Download images, prepare repository

Download the VGG models, annotations and initialize the submodules:

./bootstrap.sh

See the bootstrap.sh for options.

Download images

Download the images from this torrent to a $IMAGES_FOLDER of your choice.

Extract image ids

Extract the images.txt with the image ids by:

# $IMAGES_FOLDER is the folder where you downloaded the torrent
# $DATA_PATH is the folder where in the next step the features get extracted to
find $IMAGES_FOLDER -name '*.jpg' > $DATA_PATH/images.txt

VGG16 feature extraction

Run the vgg16 feature extraction by:

./tmp/cluster_scripts/run-vgg-extraction.sh fc6,fc7

You have to adapt the script first!

The first parameter to the run-vgg-extraction.sh script specifies the layers to be extracted, seperated by comma (eg. in the above case fc6 and fc7).

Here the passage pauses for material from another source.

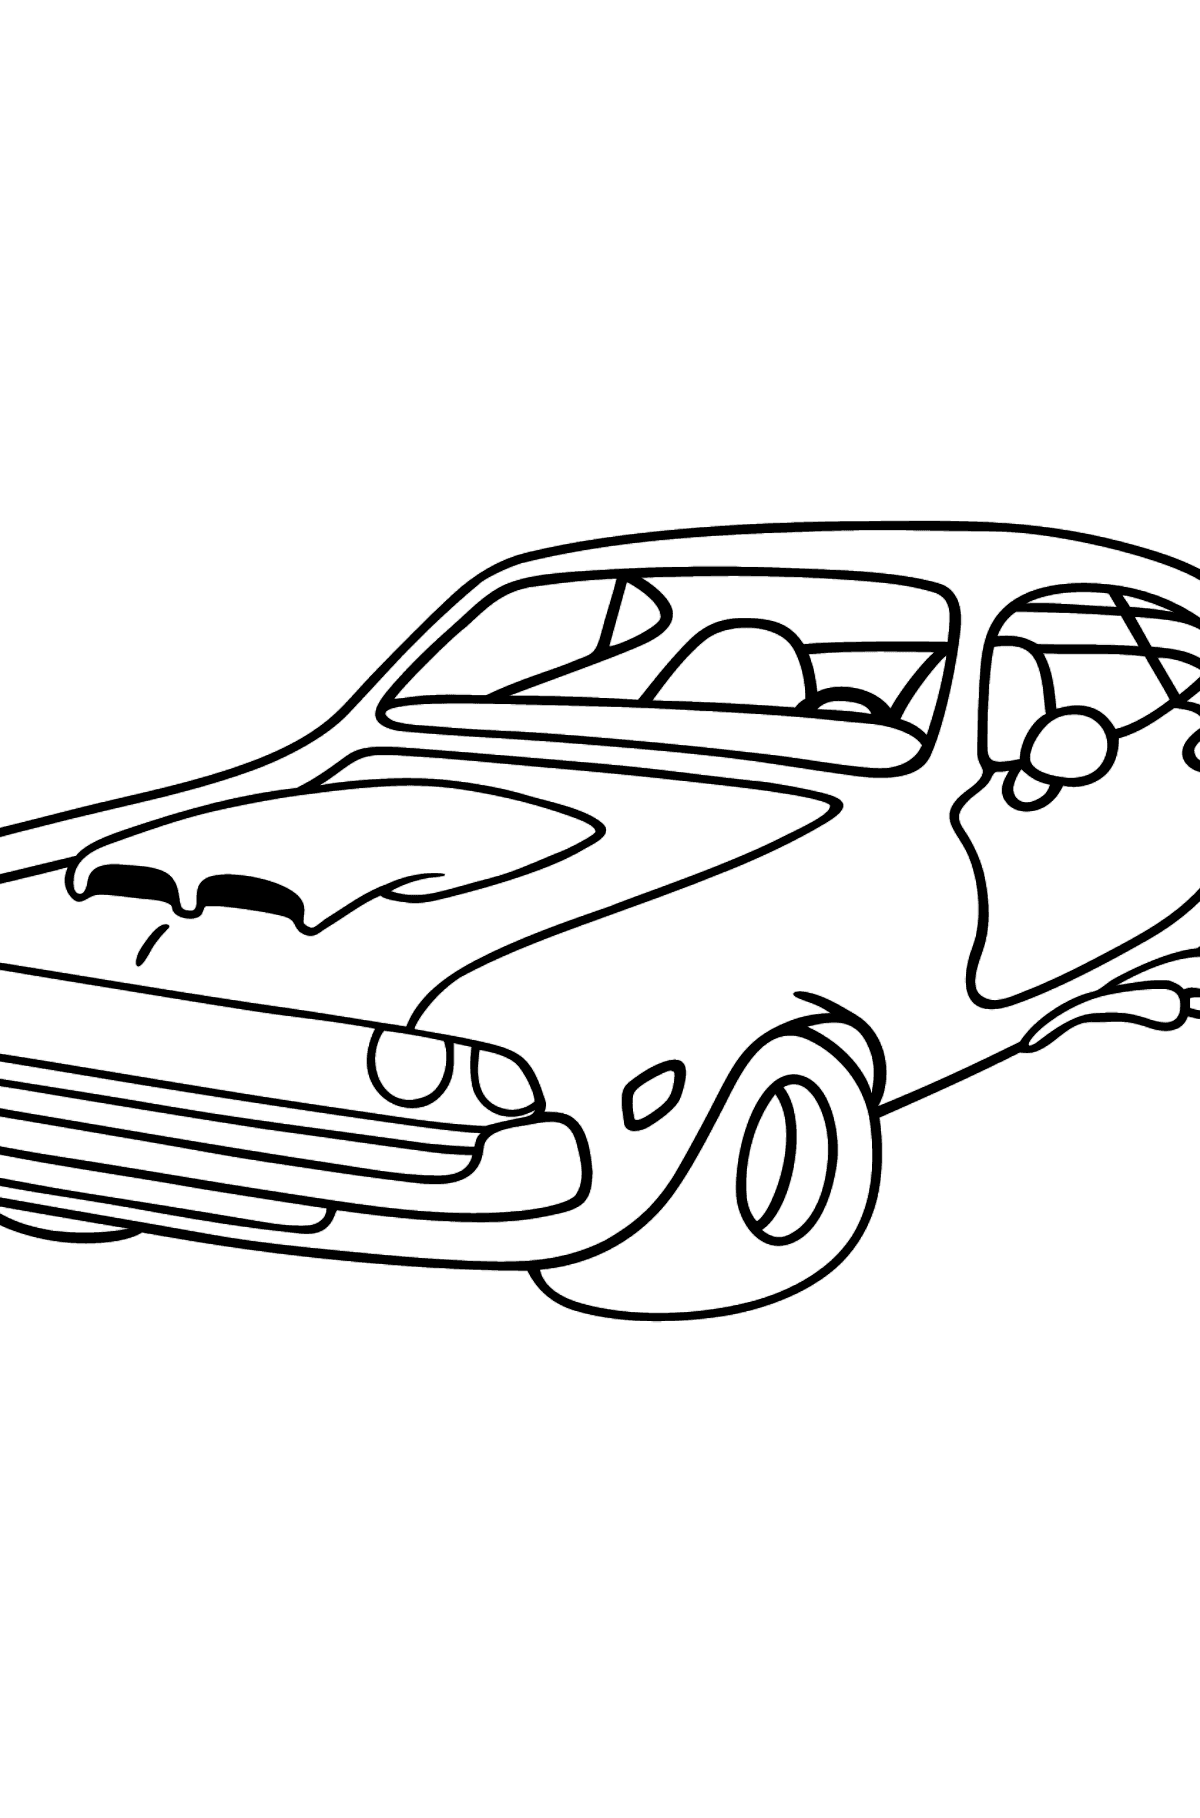 Tegning til farvning chevrolet bil - Tegninger til farvelægning for børn

After executing this script the features will reside in the data folder (see script). The filename is features.LAYERS_TO_BE_EXTRACTED.txt. It is an CSV where the first column is the file id, the following columns are the features.

Format change

The format of the VGG16 feature extraction is a CSV with the image ids and the features.

To train the FastXML classifier with these features, the format has to be changed to the sparse matrix format for FastXML.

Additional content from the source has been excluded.